[RECORDED INFORMATION — start]

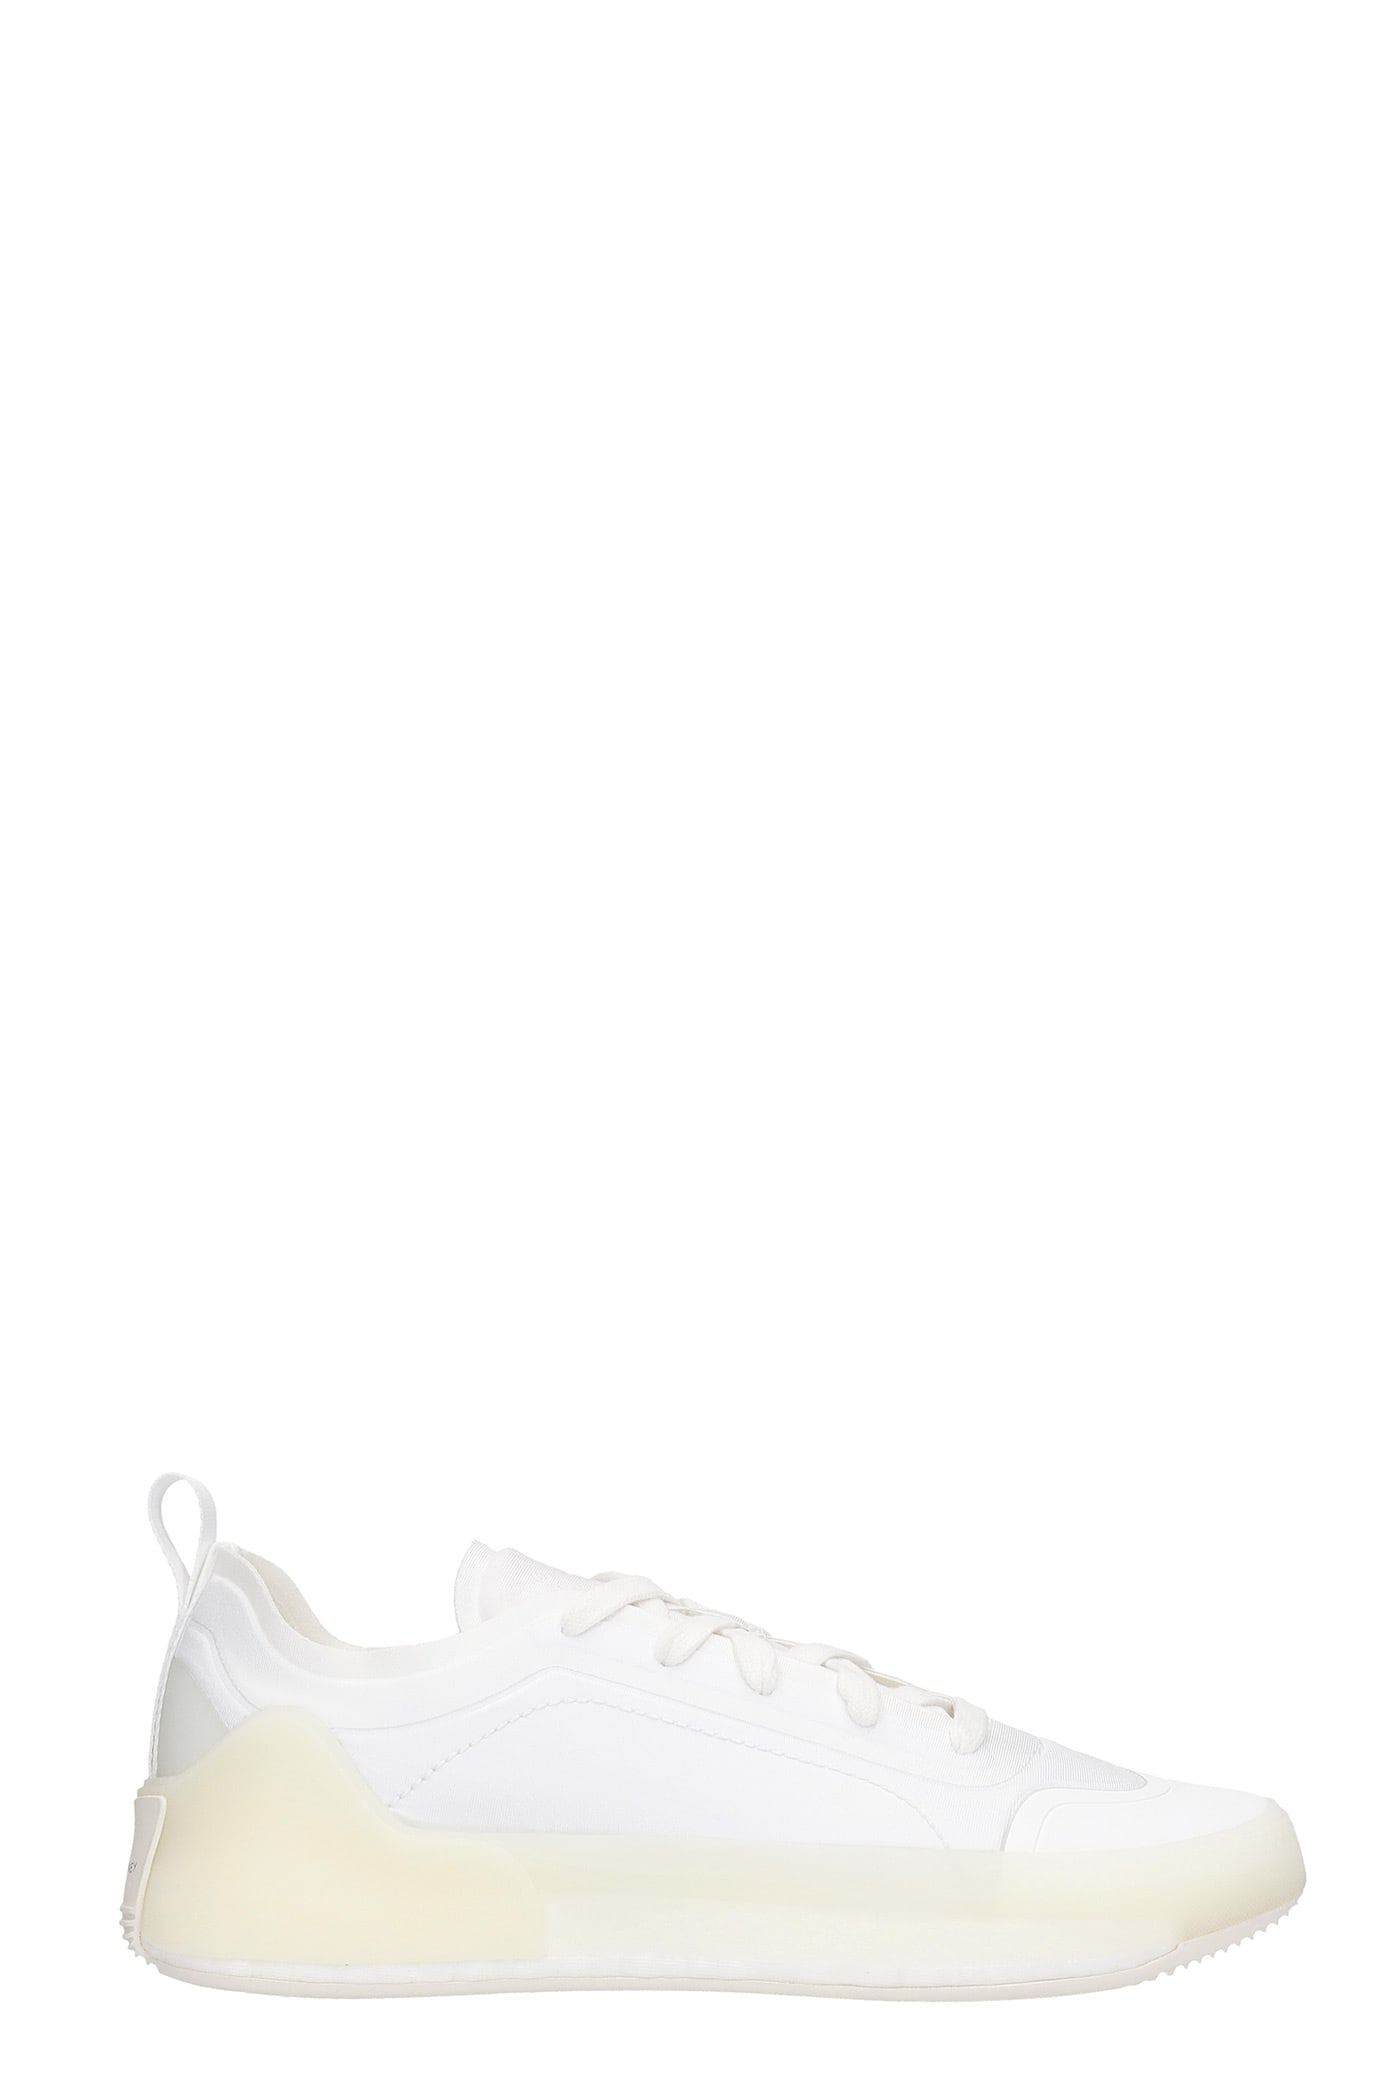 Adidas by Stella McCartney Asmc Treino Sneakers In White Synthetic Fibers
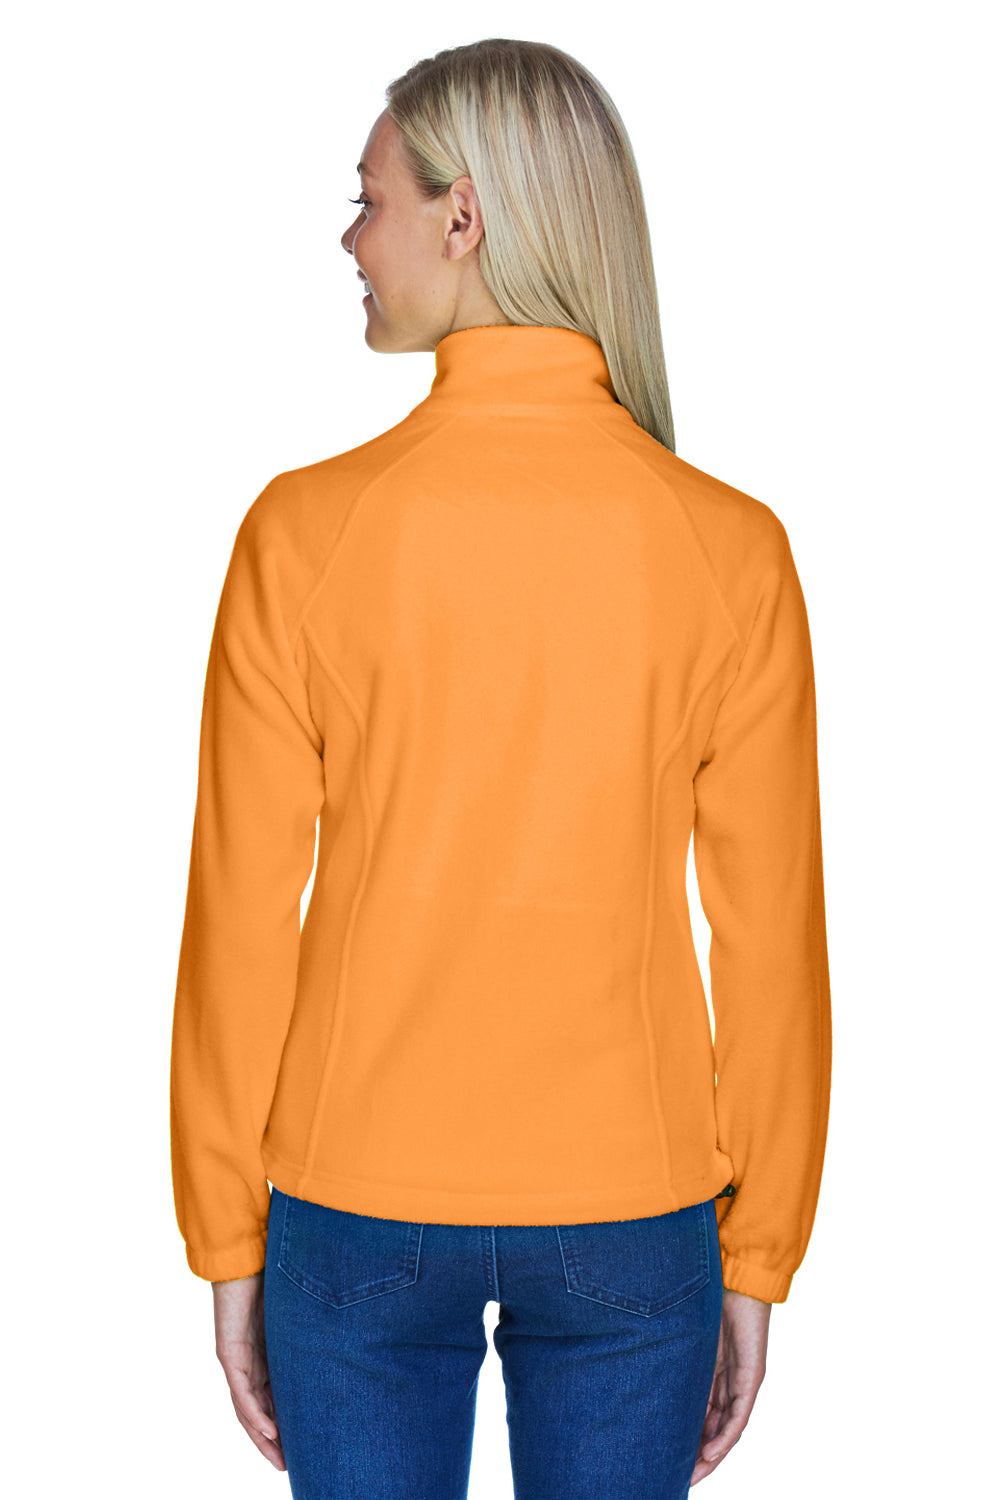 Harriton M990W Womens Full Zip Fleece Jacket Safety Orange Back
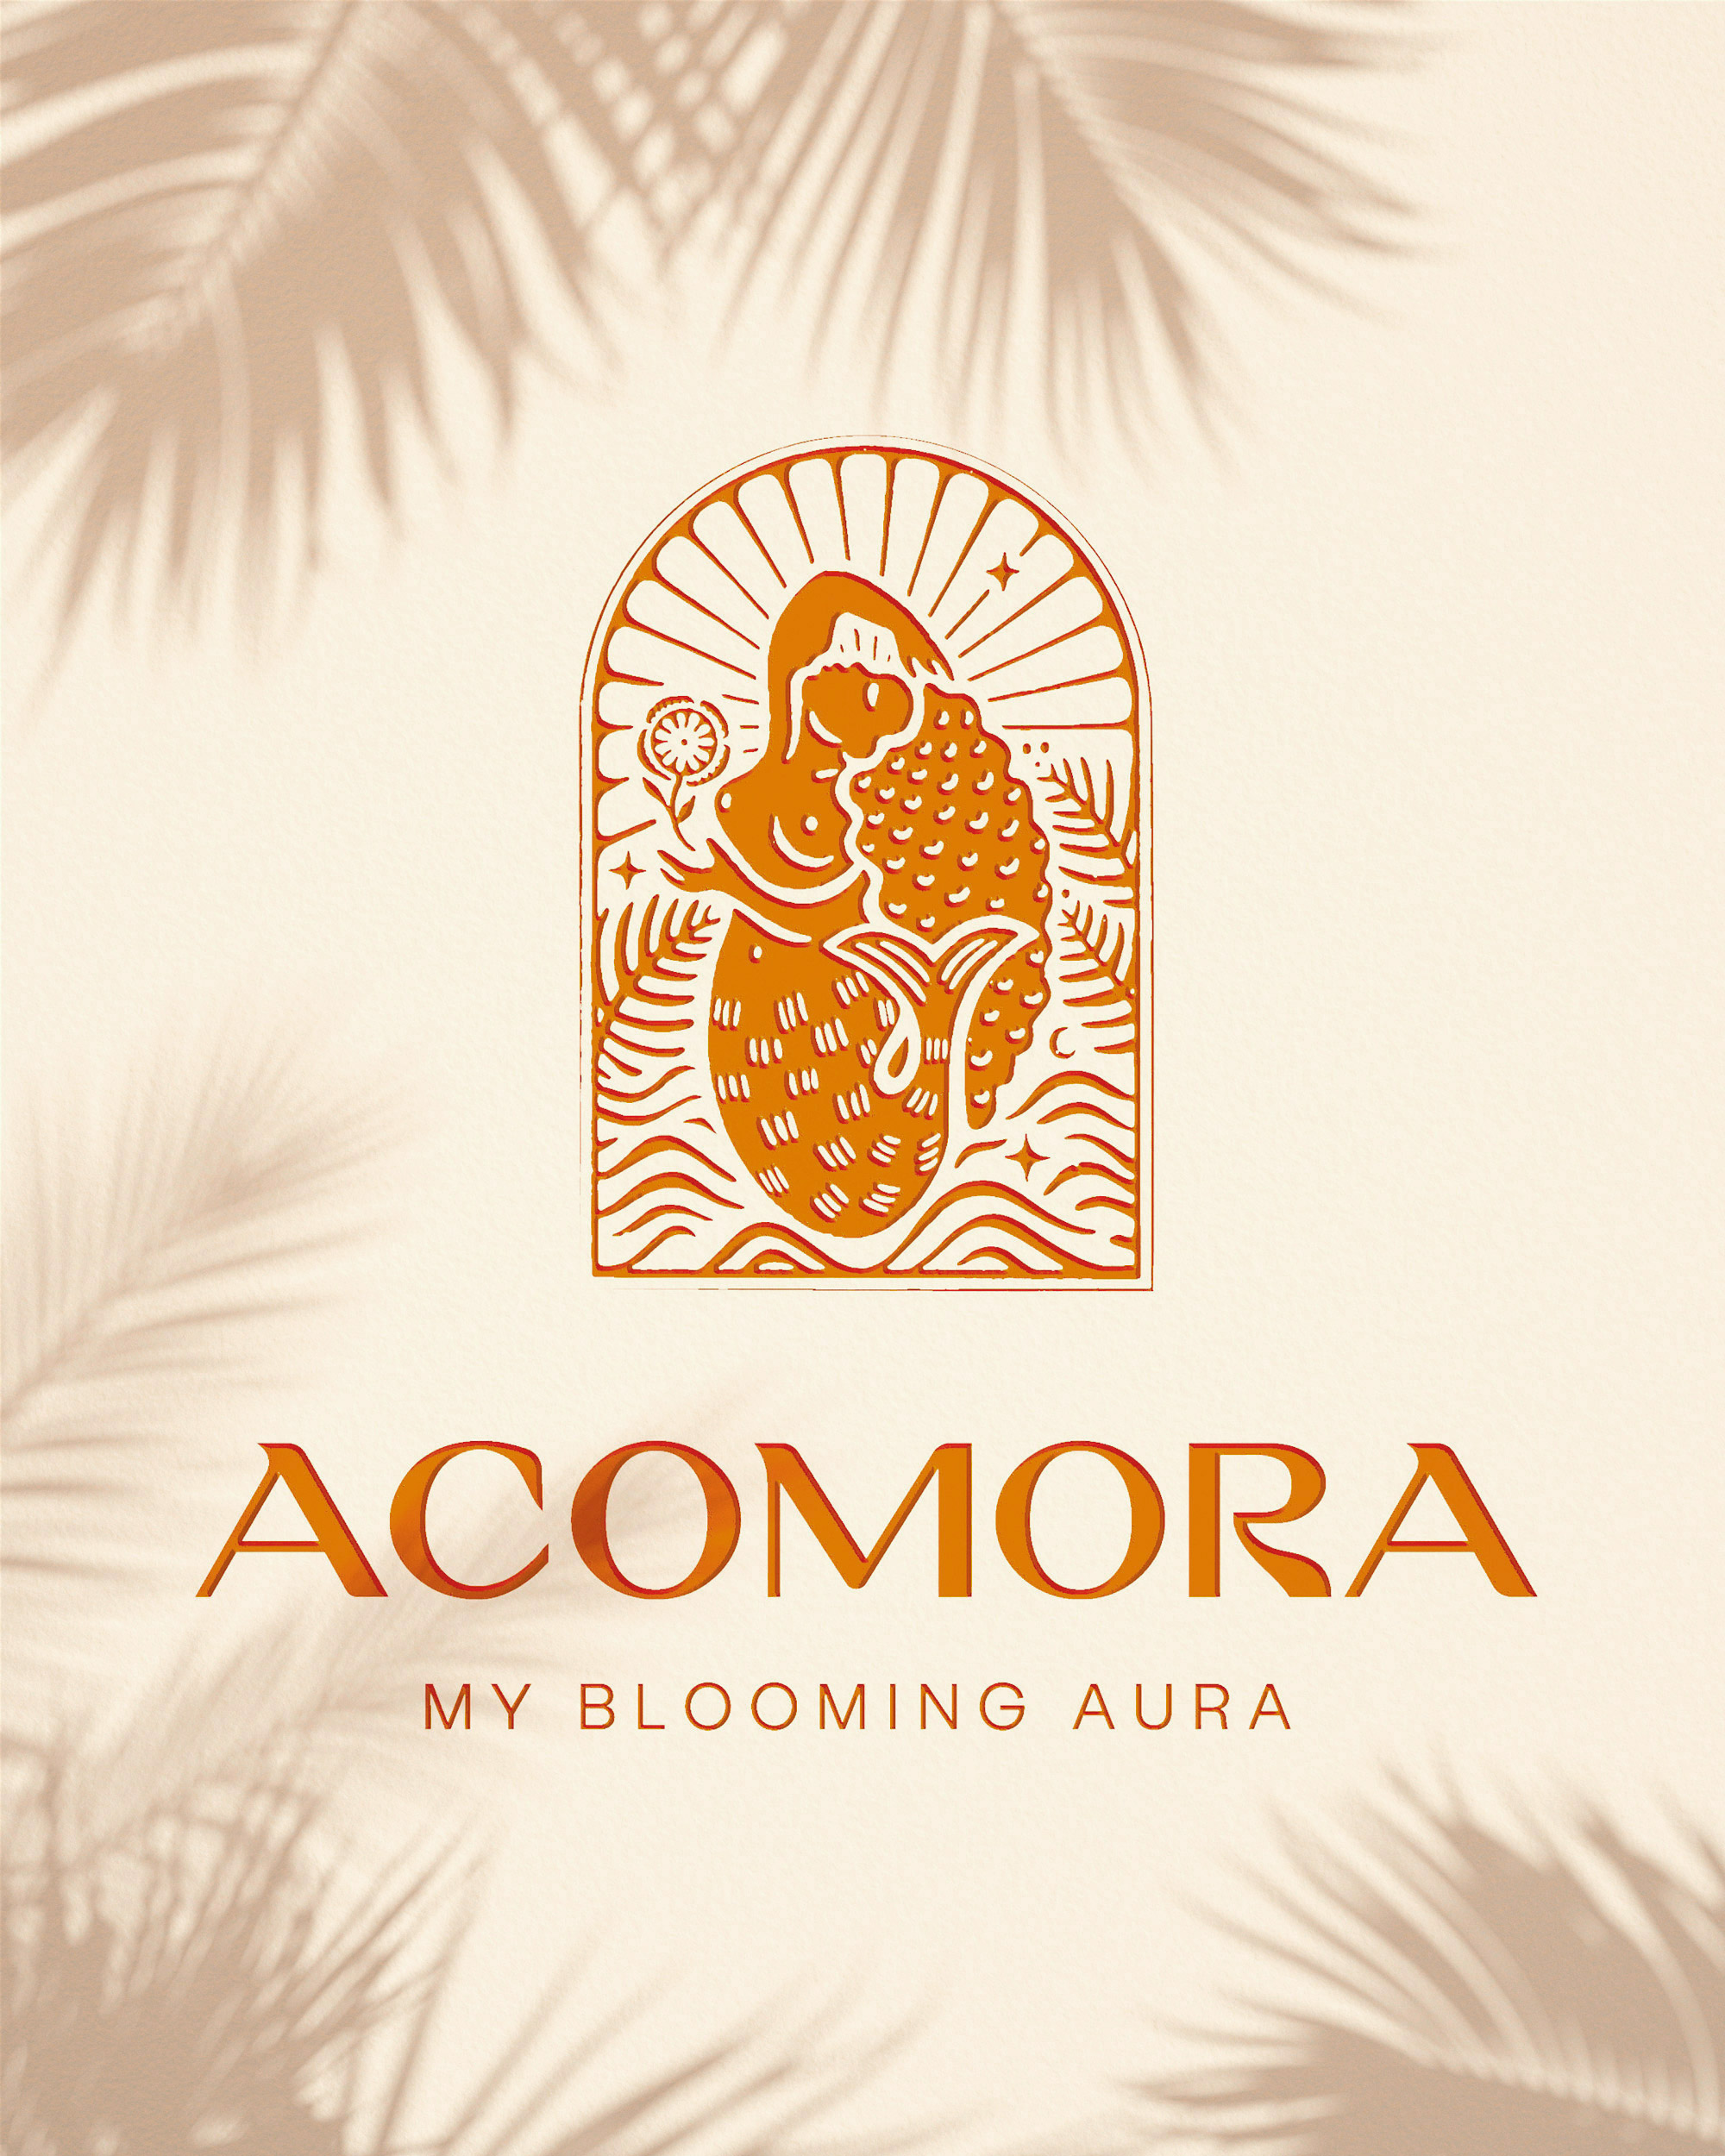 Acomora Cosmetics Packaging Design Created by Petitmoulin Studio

[RECORDED INFORMATION — finish]

▸ **DIRECTIONS FOR THIS TASK**: Leaving all pictures aside, print exactly the lines from the one that contains "Harriton M990W Womens" through the last line of the data above, inclusive.

▸ **SOLUTION TO THIS TASK**:
 Harriton M990W Womens Full Zip Fleece Jacket Safety Orange Back
 Acomora Cosmetics Packaging Design Created by Petitmoulin Studio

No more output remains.